En Guadeloupe, les violences, marquantes depuis 1636, ont pris un tour exterminateur à partir de 1650, ouvrant une décennie de sang qui a pris fin avec le « traité de paix » de Basse-Terre (45) imposé par le gouverneur Houël-Boisseret qui, s’étant auto proclamé propriétaire de l’île, a conclu cet accord avec des religieux, qui, eux, se sont se déclaré mandataires des Kalinas.

Certains Kalinas trouveront refuge sur les îles de La Dominique -où actuellement vit une communauté de 3 000 de leurs descendants- ou de Saint Vincent ; d’autres se réfugieront au Nord et à l’Est de la Grande-Terre, vers les pointes de la Grande-Vigie à Anse-Bertrand et des Châteaux à Saint-François.

Nouvelle époque

Par l’arrêt du Conseil d’État du 17 avril 1664, le Royaume, en demandant à la Compagnie et à ses ayants droit de rapporter tous leurs titres de concession ou de propriété pour être remboursés (46), entame une nouvelle période de colonisation. En effet, le roi reproche aux propriétaires de droit privé de ne pas faire suffisamment profiter la France des richesses de ces îles. Une nouvelle Charte sera adoptée (47) qui verra, à l’initiative du roi, la naissance de la Compagnie des Indes occidentales, avec une mission étendue à la Guyane, l’Amérique du Nord, le Canada, Terre-Neuve, la côte de l’Afrique depuis le cap Vert jusqu’au cap de Bonne-Espérance.
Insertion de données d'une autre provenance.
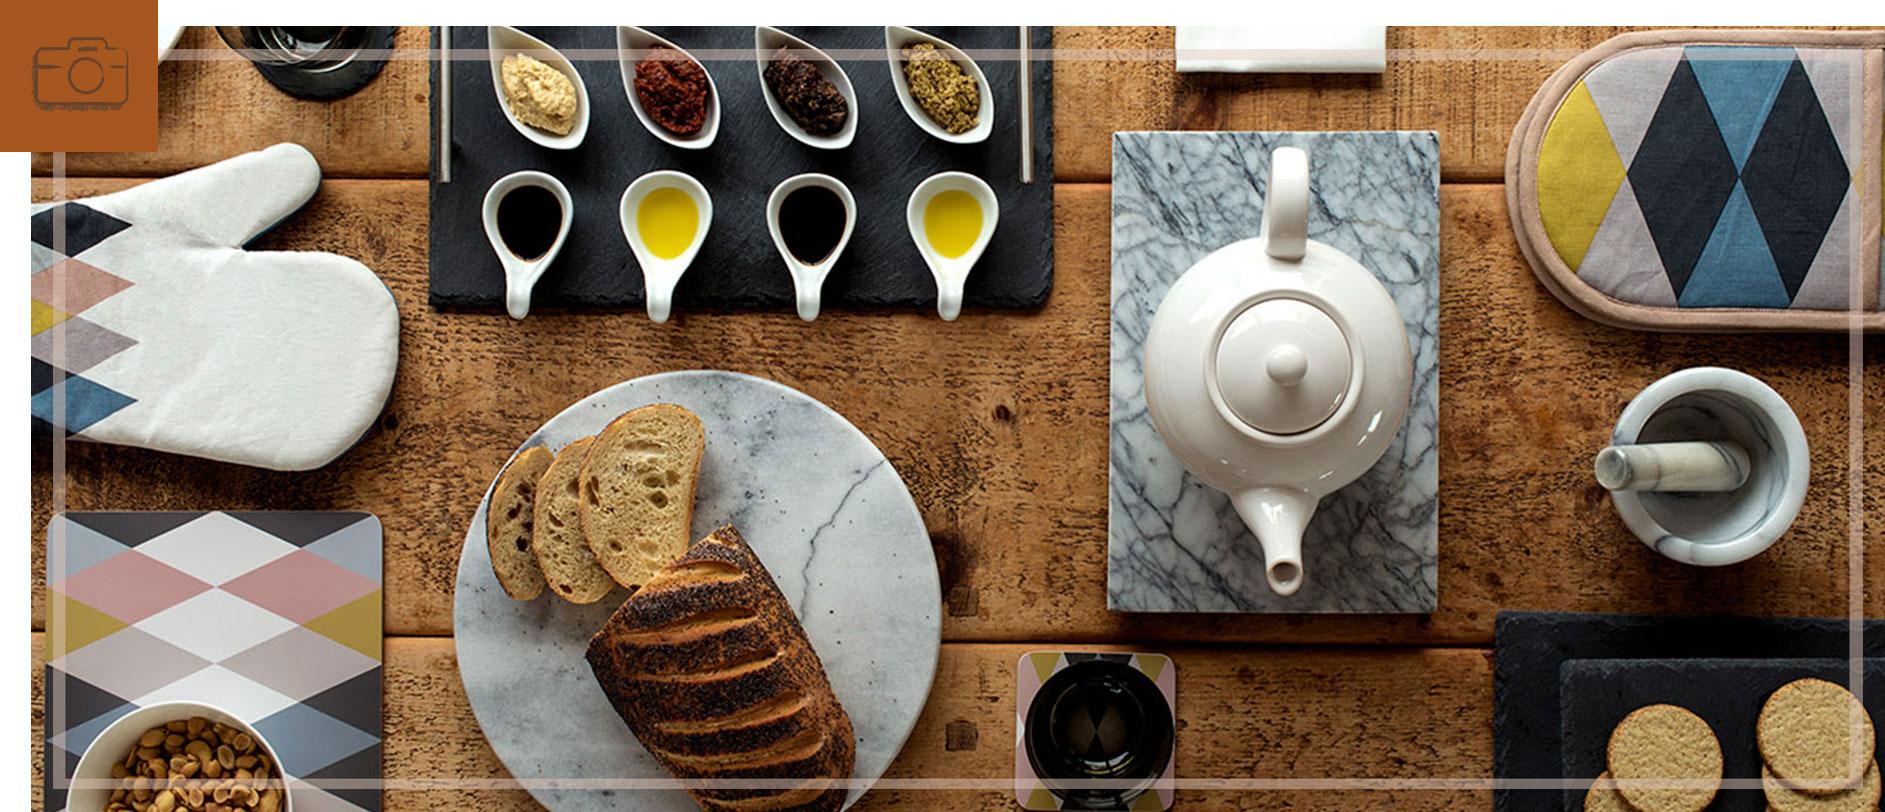 astuces photos culinaires, astuces photo, conseil photographie

Mais l’Etat n’a pas fini de revenir sur ses décisions. Par l’Édit de décembre 1674, le Royaume révoque la Compagnie des Indes occidentales et s’attribue la pleine propriété des différentes îles. Après la validation (48) par le roi des ventes antérieures et l’inclusion des biens dans le domaine de la couronne, la Guadeloupe et la Martinique deviennent colonies du royaume.

Dès 1678, il y a plus de 27 000 esclaves dans les îles des Antilles françaises.

Le Code noir

En mars 1685, inspiré par Colbert et d’anciens gouverneurs, a été publié le Code noir -édit royal- « servant de règlement pour le gouvernement et l’administration de justice et la police des Iles françaises de l’Amérique, et pour la discipline et le commerce des Nègres et esclaves dans ledit pays ». La gestion des esclaves sera aussi abordée dans l’article 39 des lettres patentes de 1723 de Louis XV.
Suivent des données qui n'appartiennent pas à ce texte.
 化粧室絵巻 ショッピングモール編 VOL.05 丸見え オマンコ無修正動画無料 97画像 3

Selon ce texte, l’esclave était un être humain dénué de la personnalité juridique, à laquelle il ne peut accéder que par l’affranchissement. Il était défini comme un élément de patrimoine, un bien meuble (49) pouvant être vendu ou transmis par dévolution successorale. Etaient aussi précisées la spiritualité (50) et la vie familiale (51)
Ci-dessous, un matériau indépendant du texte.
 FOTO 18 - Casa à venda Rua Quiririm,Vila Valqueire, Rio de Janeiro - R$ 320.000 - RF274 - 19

En quelques années, le nombre d’esclaves n’a cessé d’augmenter à un rythme élevé ; ainsi en 1780, on comptait 452 000 esclaves à Saint-Domingue, 76 000 à la Martinique, et 90 000 à la Guadeloupe.

À la Révolution, les décrets des 22 novembre et 1er décembre 1790 remplaceront le domaine de la Couronne par le domaine de la Nation, en continuation juridique. La première abolition, déclarée en 1794 sous la Convention, annonce la fin de « l’esclavage des nègres dans les colonies ».

La Déclaration des Droits de l’Homme et du citoyen

Pourtant, elle aurait dû arriver dès 1789, puisque l’article 1 de la Déclaration des Droits de l’Homme et du citoyen affirme que « les hommes naissent et demeurent libres et égaux en droits. Les distinctions sociales ne peuvent être fondées que sur l’utilité commune ».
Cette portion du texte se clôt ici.